Michèle Lazareff Rosier (; 3 June 1930 – 2 April 2017) was a French fashion journalist and designer who founded the V de V sportswear label. In addition to this, she worked as a film director and screenwriter since 1973.

Early life and education
Born Michèle Raudnitz in 1930, her mother was the journalist Hélène Gordon-Lazareff (1909–1988), and Michèle was the child from Hélène's first marriage to Paul Raudnitz. After Hélène's second marriage to Pierre Lazareff (1907–1972), Pierre adopted Michèle as his daughter and she becane Michèle Rosier. Pierre and Hélène founded Elle  magazine. At age 10, Michèle was the first child to read The Little Prince by Antoine de Saint-Exupéry, a close friend of the family.
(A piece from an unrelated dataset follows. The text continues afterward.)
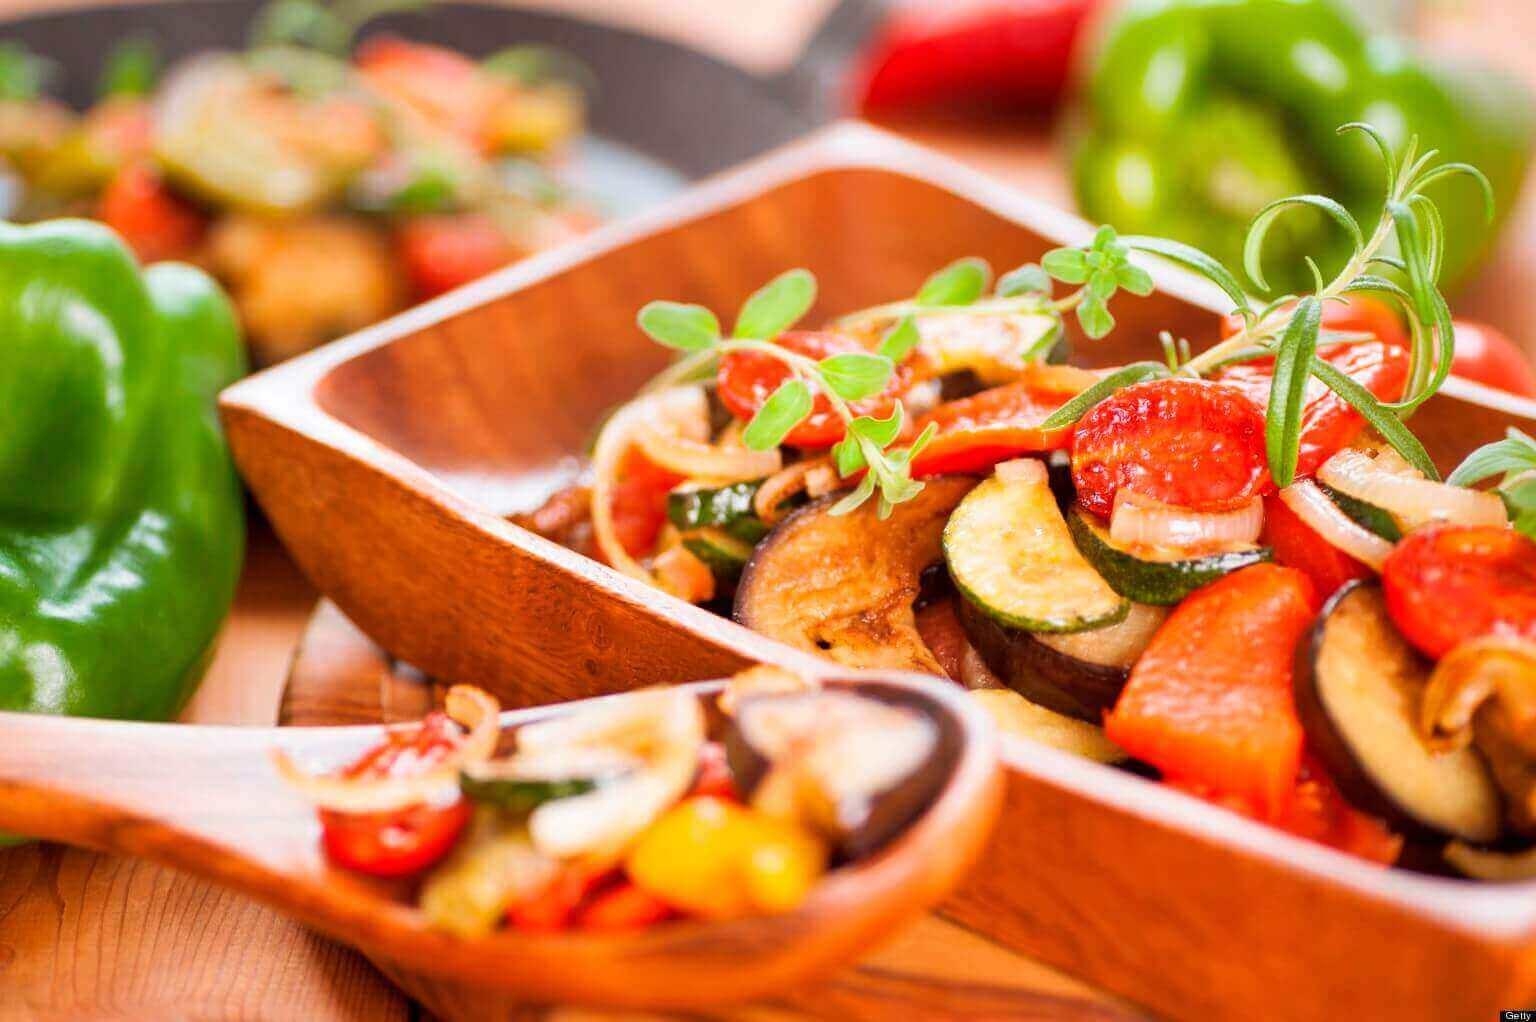 Η Ελλάδα έχει την δυνατότητα παραγωγής τροφίμων υψηλής ποιότητας

She studied at the Nightingale-Bamford School in New York.

Journalism
Lazareff Rosier started out as a journalist for her father's daily paper, France Soir before becoming chief editor of the magazine Le Nouveau Femina that took its name from the earlier French woman's magazine Femina launched in 1901 by Pierre Lafitte and discontinued in 1954.

Fashion
In the early 1960s Rosier founded V de V (which stands for Vêtements de Vacance, or 'Holiday Wear'). She also designed for at least two other lines: dresses for Chloe D'Alby, and a line of affordable furs called Monsieur Z which included pink and blue dyed rabbit fur coats. However, her V de V designs, including both fashionable sportswear and activewear such as swimwear and ski-wear, were very successful. She was noted as an early adopter of vinyl and stretch fabrics, with one New York reporter commenting in 1965 on the close similarity between her two-colour jersey dresses and Yves Saint Laurent's subsequent Mondrian dresses. Due to her love of plastics, she was nicknamed the "Vinyl Girl," and has been credited with introducing vinyl to Paris fashion before André Courrèges, to whom she was compared by the International Herald Tribune for her "style without nostalgia." She was credited with being the first designer to deliberately use outsize industrial zippers. A contemporary press piece in 1968 ranked Rosier alongside Emmanuelle Khanh and Christiane Bailly as part of a "new race" of innovative and exciting young French designers, described as "stylists who work for ready-to-wear."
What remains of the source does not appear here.